First off, our auditors were awesome! They were really hands on and seemed to really enjoy going through our code and hearing about our design. We were really pushing boundaries with our code and I really loved working with people that are fascinated by challenges. Like most firms, they gave us an initial review with a list of recommended updates that are usually classified as high, medium, and low priority. We generally try to address all the recommendations as promptly as possible, but there was definitely some back and forth since Solidity definitely has various opinions when it comes to best practice.

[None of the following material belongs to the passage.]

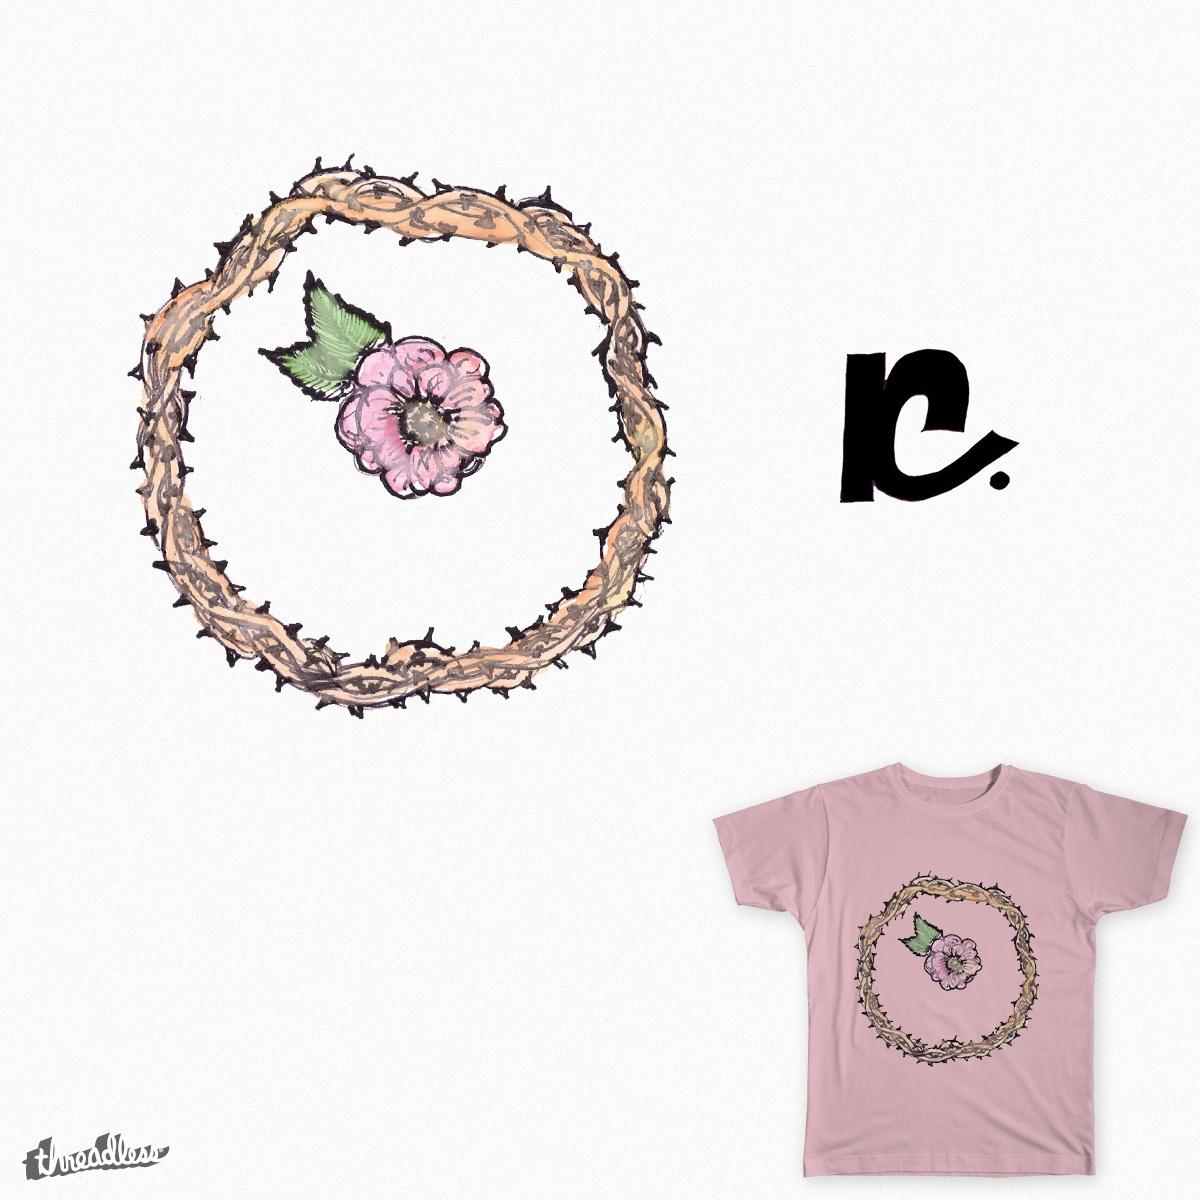 Rose of Sharon by Kettleheadmex on Threadless

For example, during the first review, assembly code for obtaining the minimum and maximum of an array was recommended to save gas and we implemented the recommendation and added unit tests for it. However, during the second review phase, it was recommended that for readability purposes and to avoid problems with future solidity updates it would be best not to use assembly code, so we quickly and happily switched it back. We embraced the feedback!

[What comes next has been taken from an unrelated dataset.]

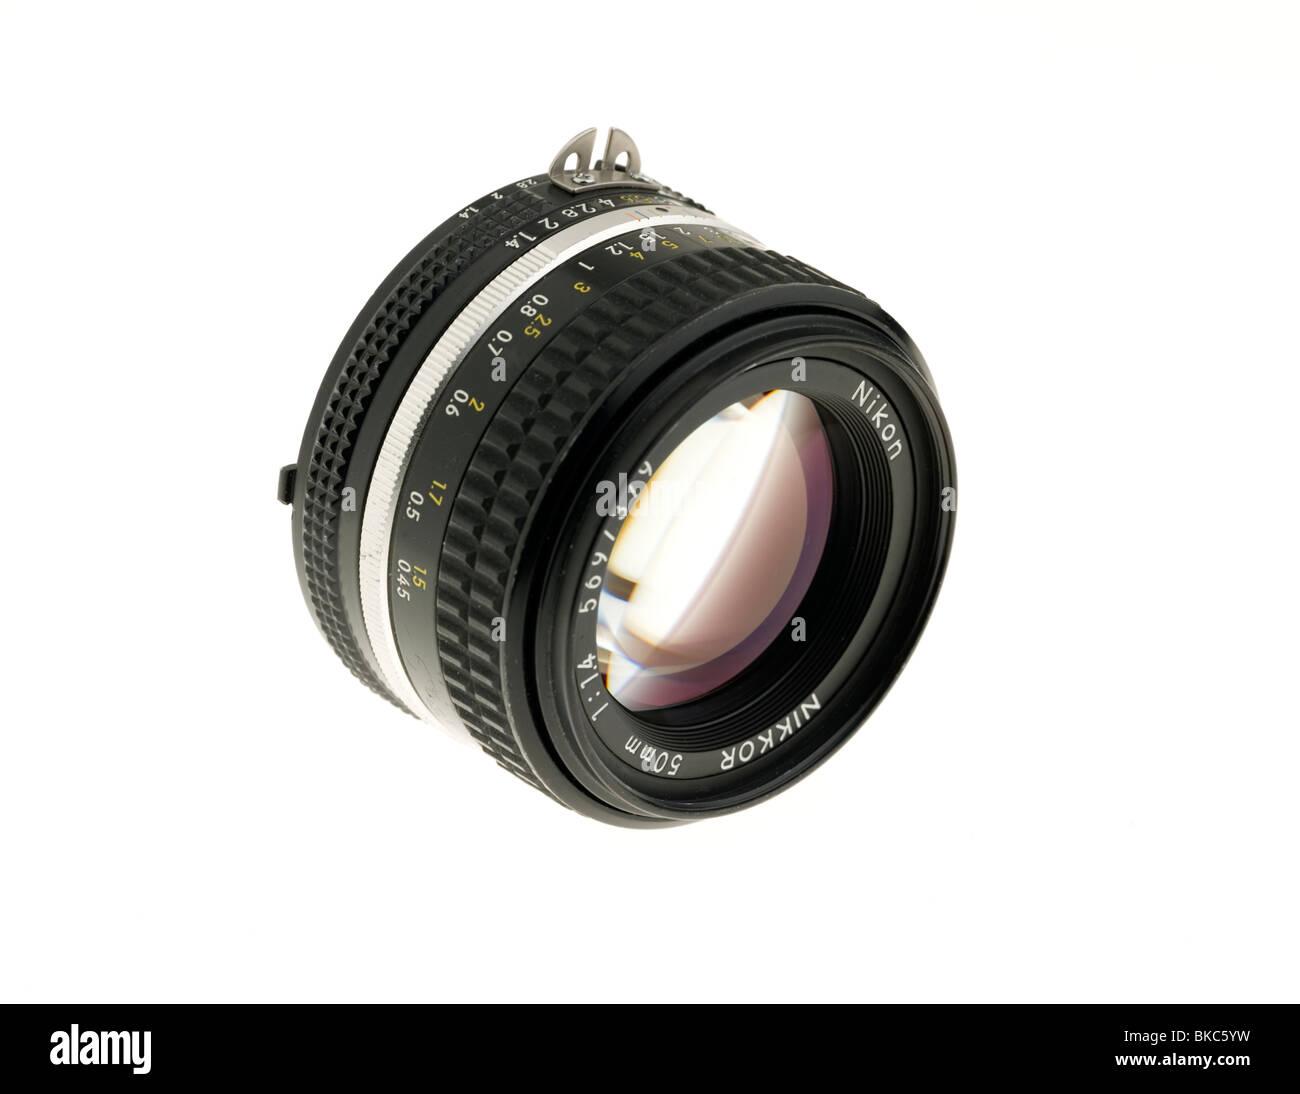 Nikon 50mm lens - Stock Image

Luckily, most of the feedback we received was on making our code more efficient or readable. We had to make a tough decision on the way we declared variables and we didn’t know if the auditors would like our structure. But we knew from the beginning that we wanted to keep our contracts upgradable but keep one eternal and continuing storage contract. One of the ways we decided to do this was by mapping the keccak 256 of the variable name to a variable of its type. Since we decided not to declare each variable independently but rather map the name of the variable to its type we essentially can add an infinite number of variables to each type (uint, address, bool). Declaring each variable limits future upgrades to the contracts since we would not be able to add variables to the storage (see more here..). We made the decision to sacrifice readability for upgradability. We documented the variables clearly on the storage contract, included getter functions for these, articulated our and our user needs to the auditors and kept our code structure. I don’t know if the auditors had previously seen this structure of declaring variables with a mapping on other contracts but I’m glad it was just a readability recommendation. We really pushed boundaries on the technical side and we felt quite proud that Certik, at one of the last meetings, jokingly mentioned that if their techs could conquer Tellor’s code, then they truly understand Solidity.

Conclusion

It was a long road (albeit not as long as some other projects) to get Tellor to the point where it is today. Hopefully you can learn from our journey, and our big recommendation to other projects is to just get stuff production ready (aka safe) and push it out. Things are different when you’re actually going live, so go through the auditing process and the whole mainnet launching process sooner rather than later. You’re not building just for yourself, so give it to users and go from there. The last thing anyone wants is a well polished project that no one uses. Work with the auditors to make it safe so you can work with users to make an impact.

Shout out to Authio (our first auditor) and Certik who just completed our final audit.